The Mediterranean diet
Breakfast is an important meal, and skipping it may lead to health issues in the long run. People who eat breakfast generally have healthier diets, better eating habits, and are less likely to snack throughout the day.
A Mediterranean breakfast typically includes grains, fresh fruits, and vegetables. Here are some ideas for a Mediterranean-style breakfast:
- Overnight Oats: This is a quick and easy option that can be prepared in advance. You can make vegan overnight oats with oatmeal, blueberries, banana, and coconut milk. For a richer taste, you can add ricotta cheese, honey, and chopped figs to your oats.
- Baked Eggs: Inspired by the Greek dish spanakopita, this option includes baking eggs with spinach, onion, feta, and phyllo pastry.

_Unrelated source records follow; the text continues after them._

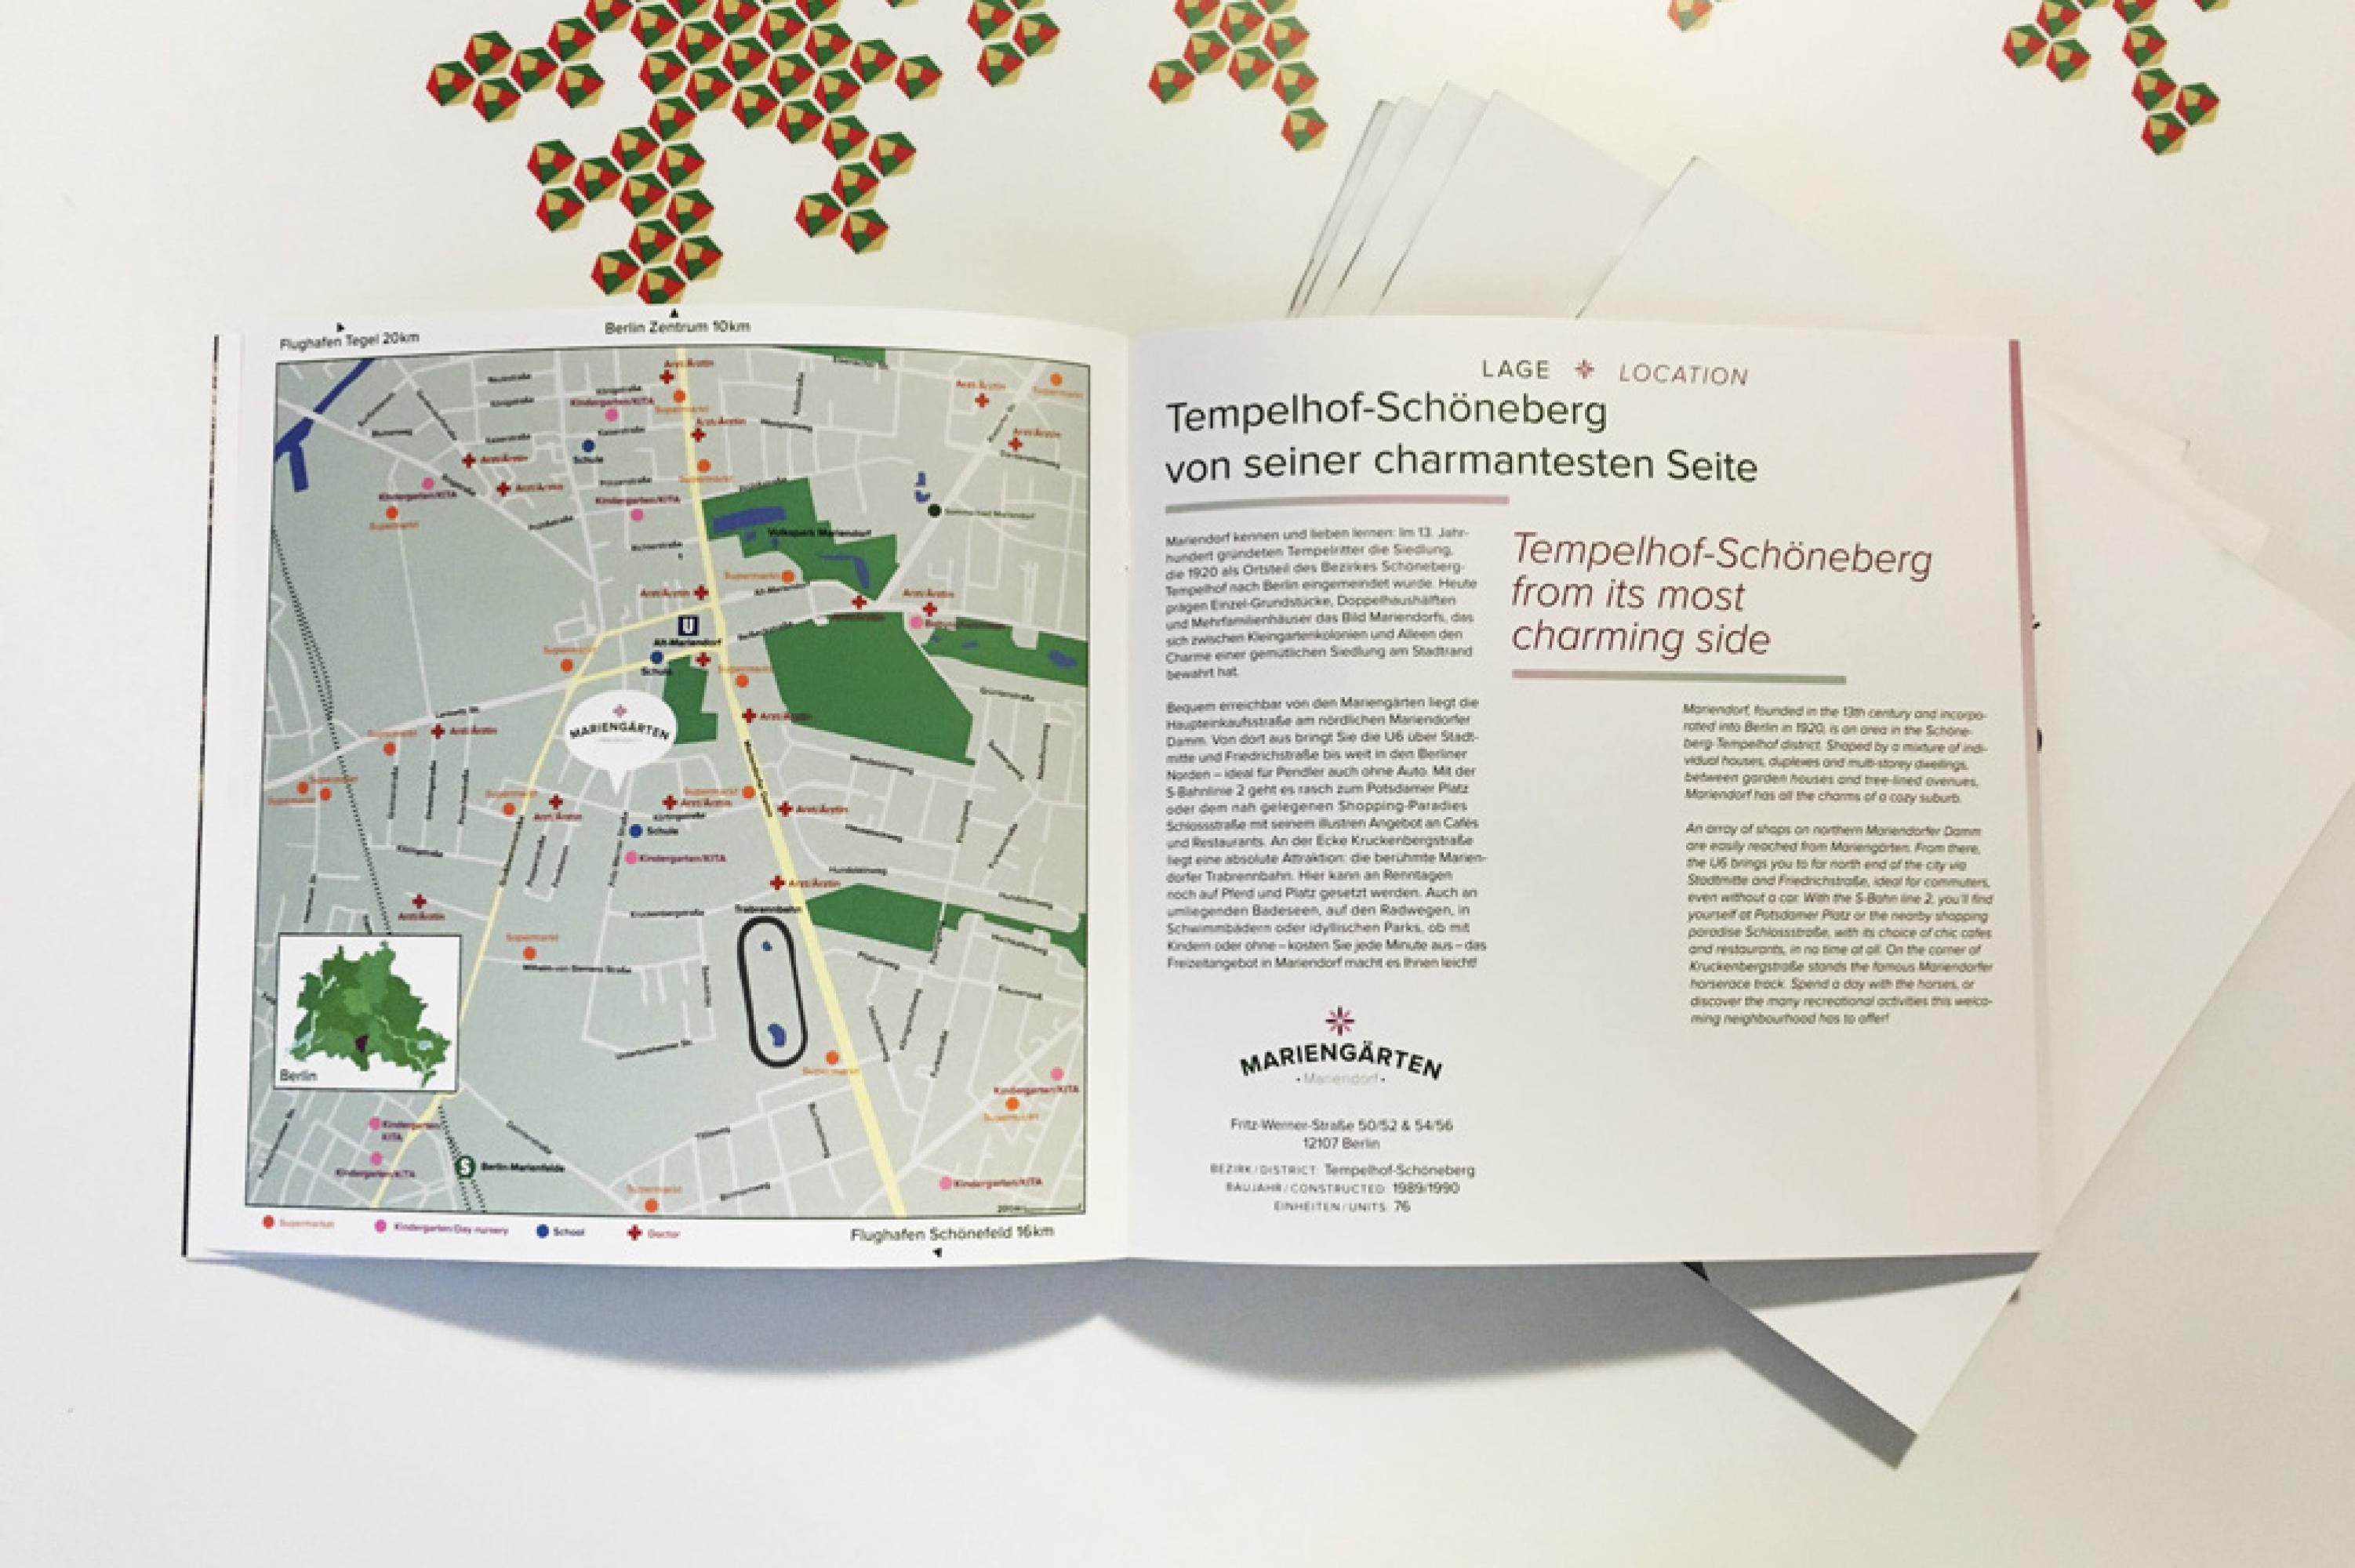 Mairengaerten-formlos-berlin-print-2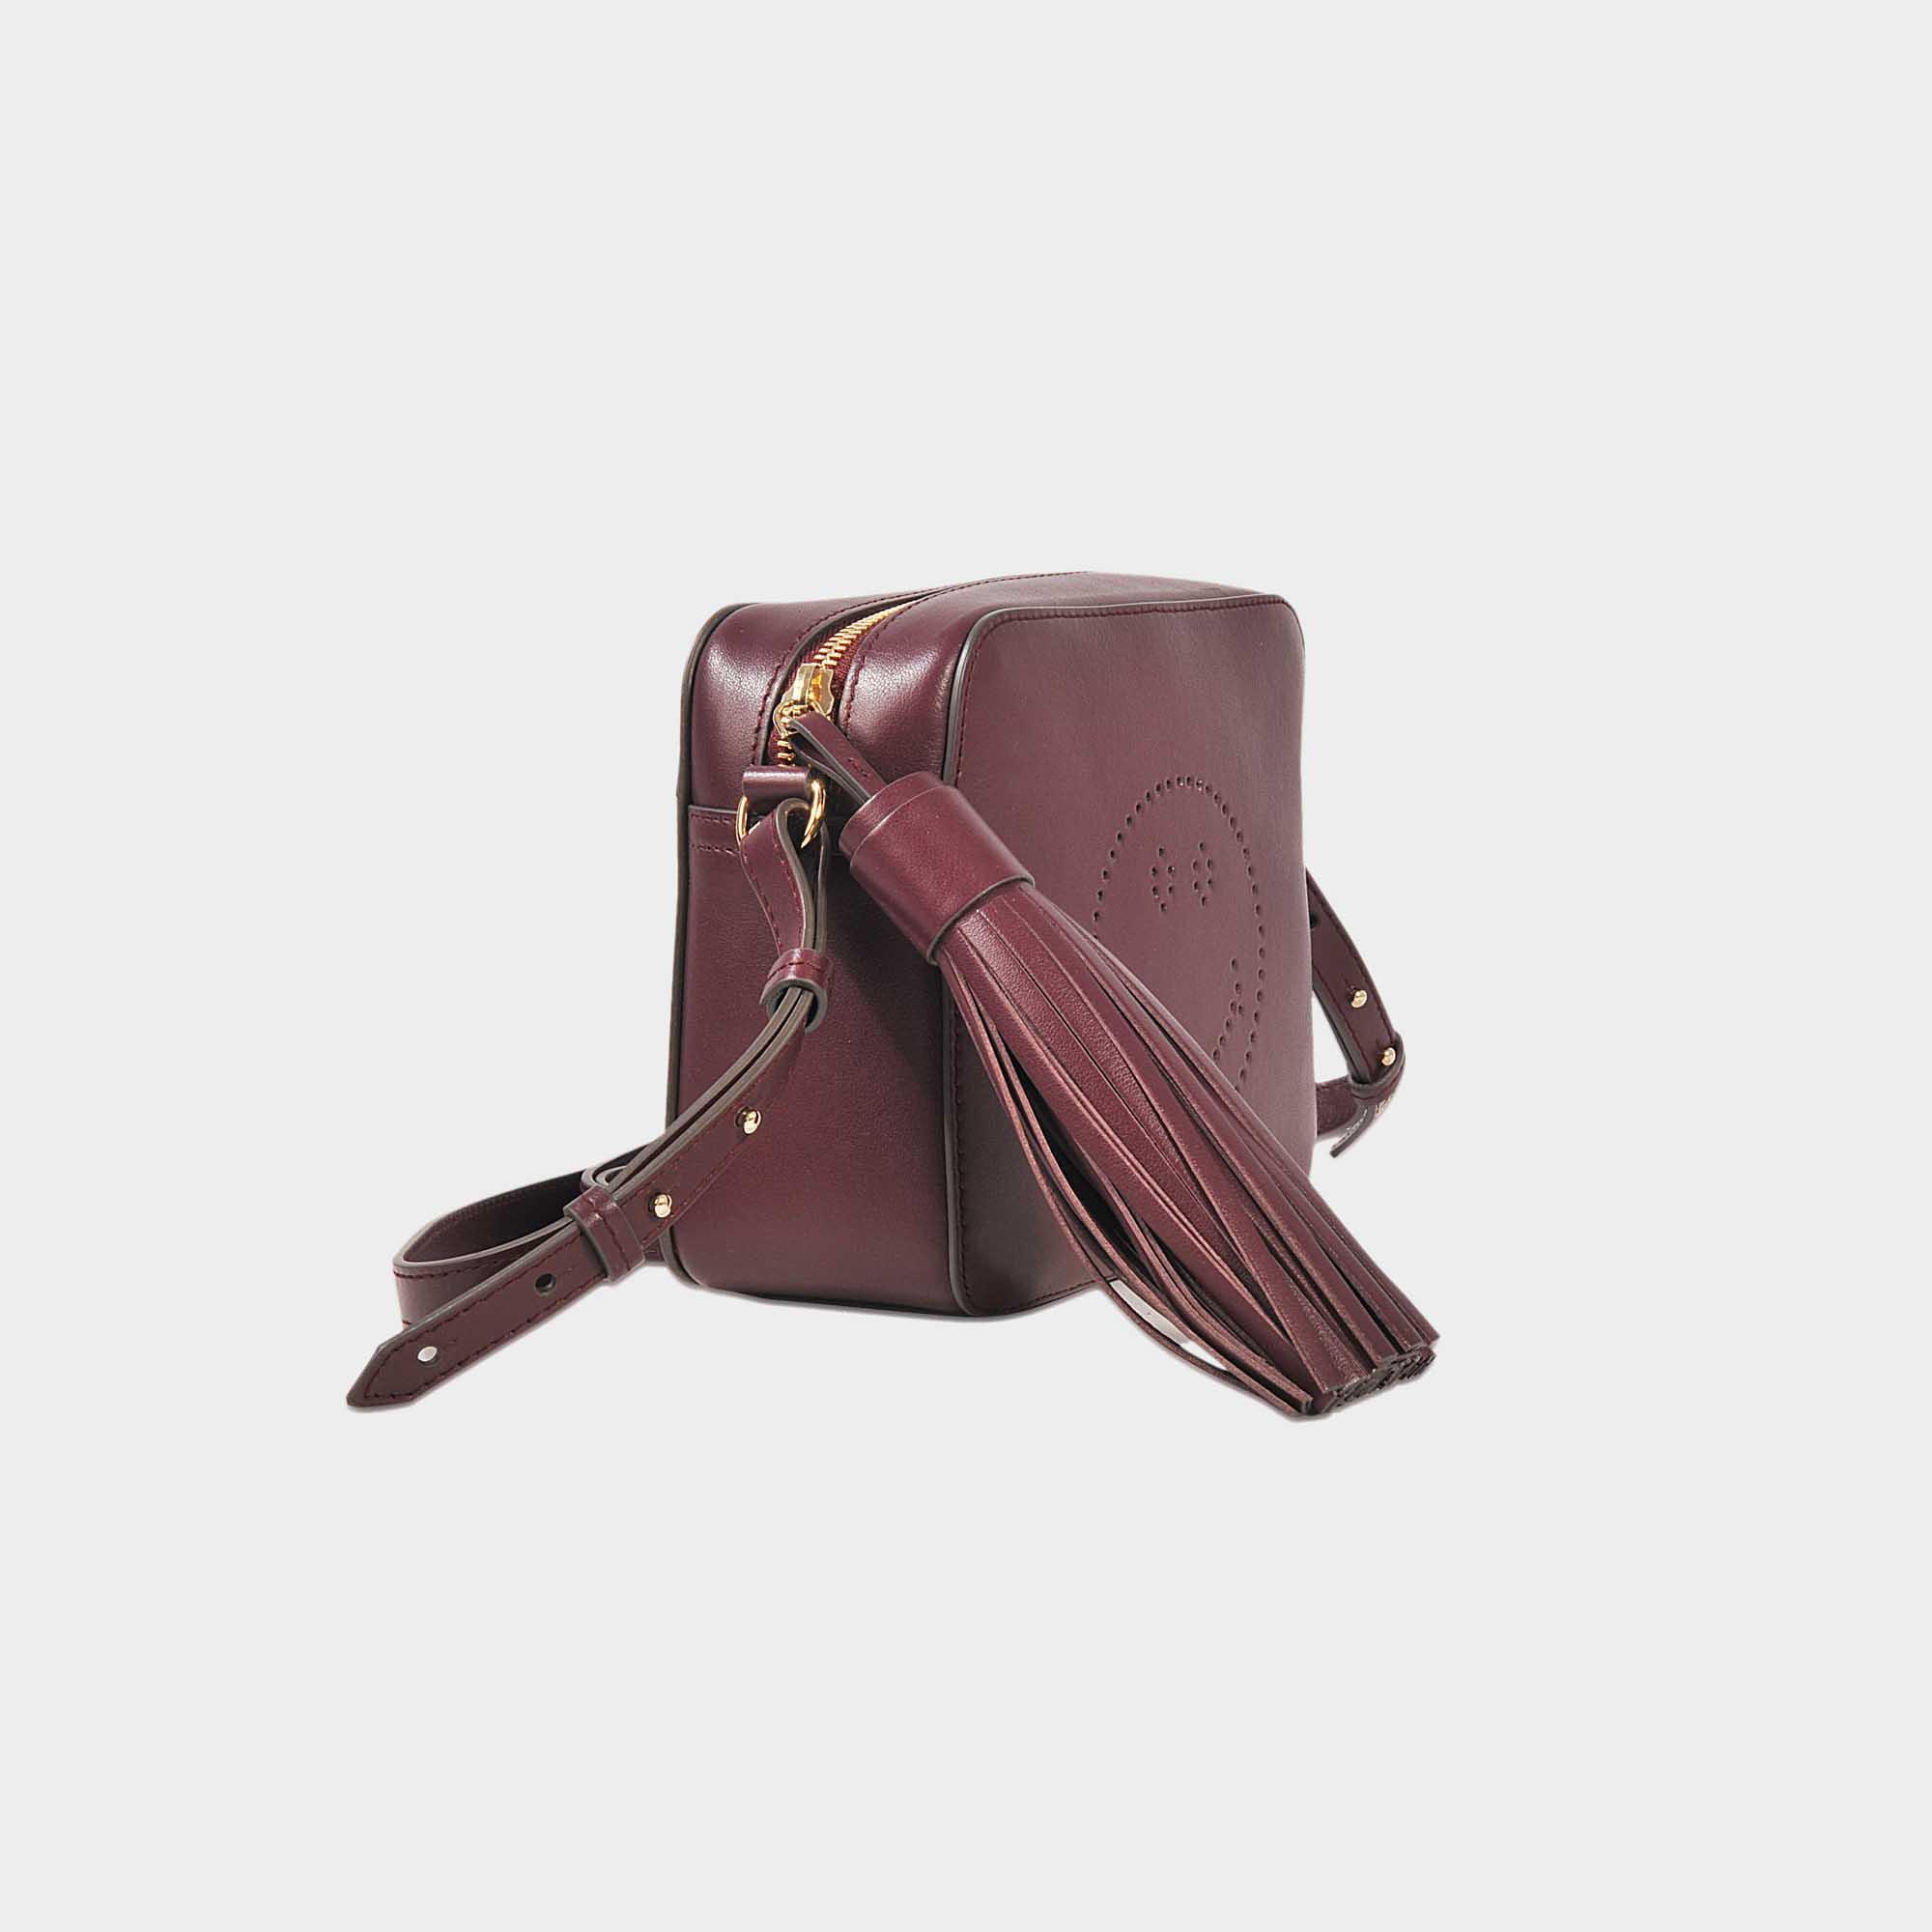 Anya Hindmarch Smiley Crossbody Bag in Purple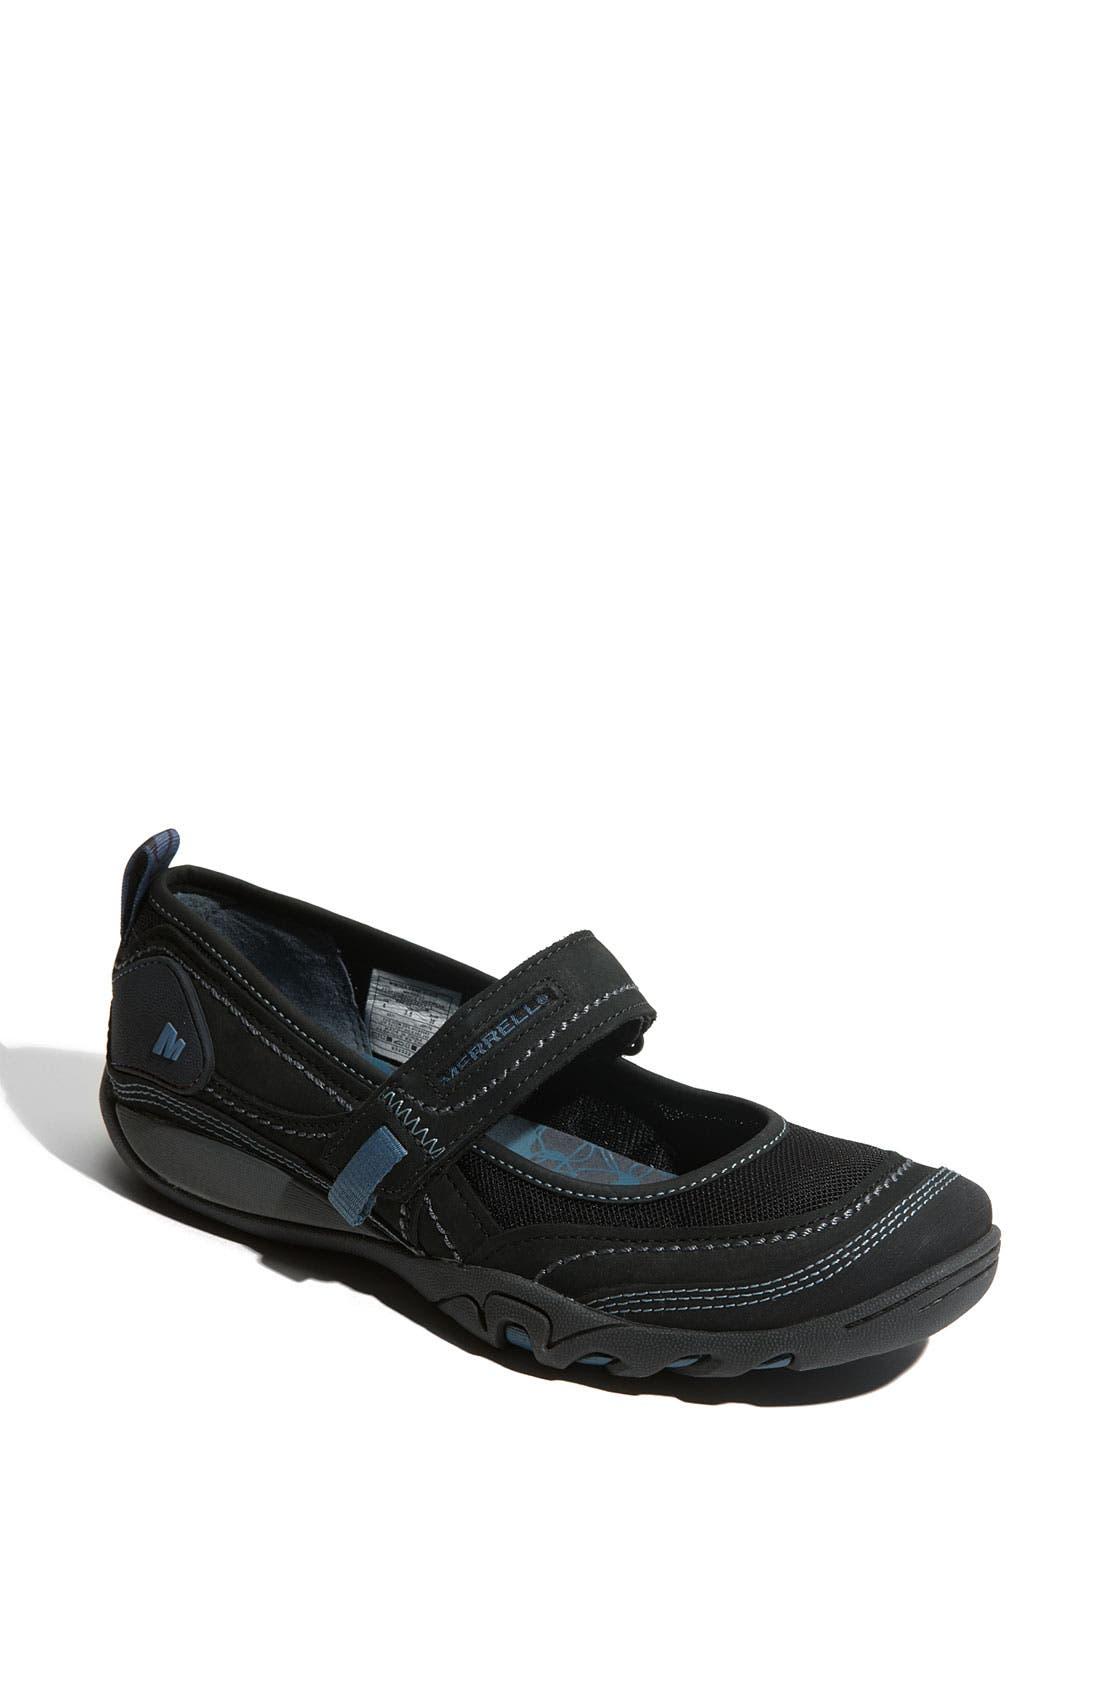 Alternate Image 1 Selected - Merrell 'Mimosa' Sneaker

These can be made into muffin-sized portions, perfect for a quick breakfast on the go.
- Smoothies and Smoothie Bowls: You can make a satisfying breakfast smoothie with banana, chia seeds, and a fruity base. For a complete meal in a bowl, top it with granola or muesli.
- Veggie Omelet: A protein-rich option, you can pair your omelet with potatoes or toast.
- Avocado Toast: Avocado toast is a simple yet nutritious breakfast option. You can add an egg on top for extra protein.
- Hot Cereal Mix: Make your own healthy hot cereal mix and cook the desired amount for a warm and hearty breakfast.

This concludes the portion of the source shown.